経済活発化とは関係なく上昇するケースがある
バルチック海運指数は、運搬物の増加に伴う経済循環が観測できる一方、原油高によるコストの値上げで上昇するケースもあります。
したがって、指数だけを見て経済活発化と判断するのは、少し危険度が高いことから、必ず上昇した要因を探るようにしましょう。
たとえば、商社株が好調になり、中国の貿易収支なども黒字になっていれば根拠が強まるので、あらかじめ目星をつけておくのもおすすめです。
1つの材料だけで投資を判断しない
バルチック海運指数は、世界経済の動向把握に有用な指標であるものの、やはり1つの材料だけでエントリーを決めるのは危険です。

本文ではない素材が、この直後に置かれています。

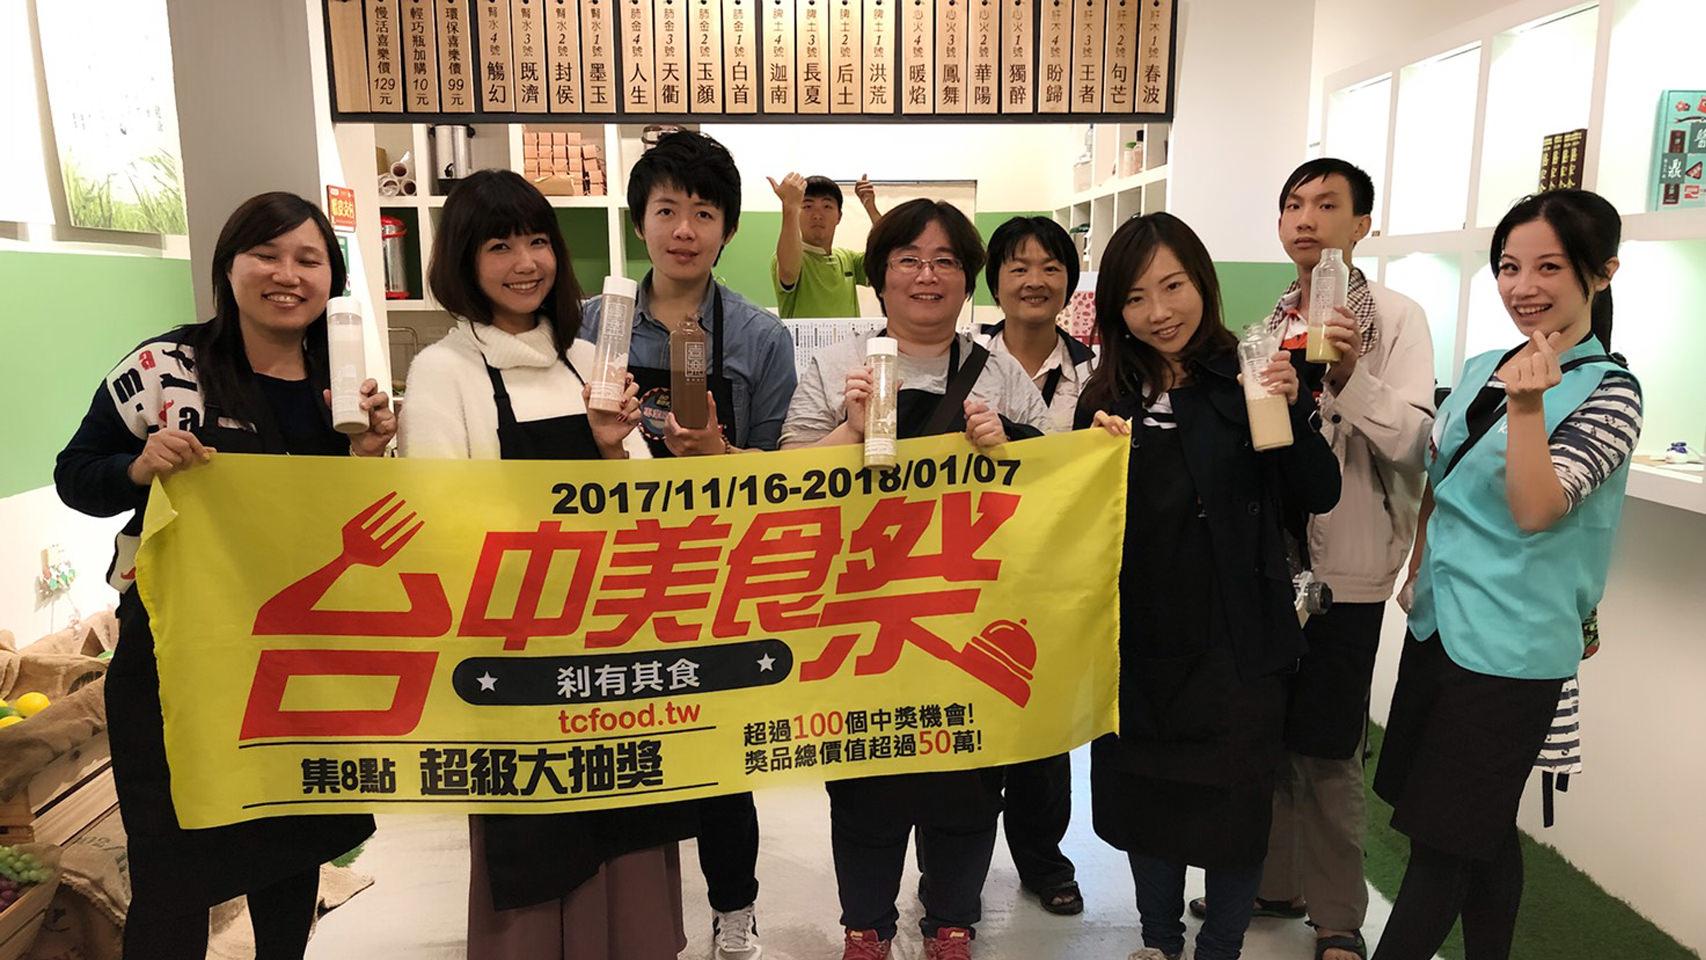 台中美食祭×KKDAY美食專車
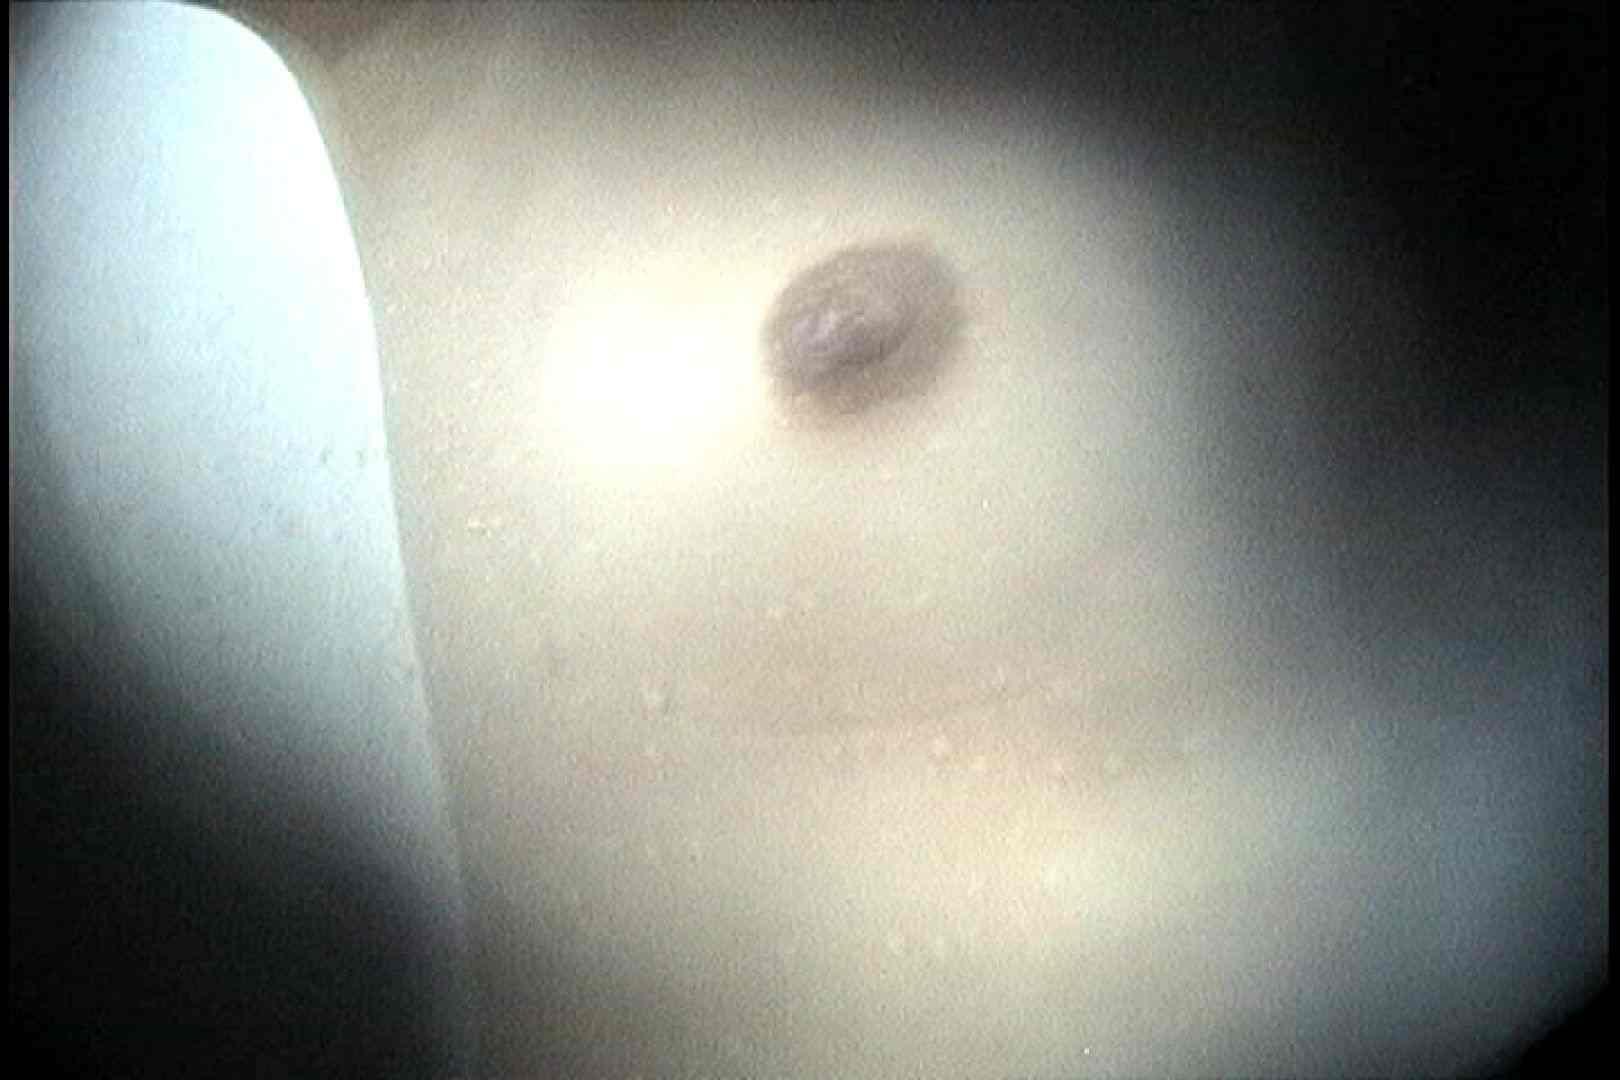 無料アダルト動画:No.75 美人の陰毛は少し濃いようです。:怪盗ジョーカー

たとえ海運関連の景気が上向いているとしても、個々の企業決算やテクニカル要因、金融政策といったポイントは必ず押さえるべきであり、総合的に判断しなければなりません。
まとめ
本記事では、世界経済の先行指標となるバルチック海運指数の基本や注意点、チャートの見方などを解説しました。
バルチック海運指数の知名度は決して高くないものの、外航ばら積み船の運賃を通して、経済動向を幅広く見通すことができます。
ただし、1つの材料だけで判断するのではなく、その他の要因も見極めながら活用していきましょう。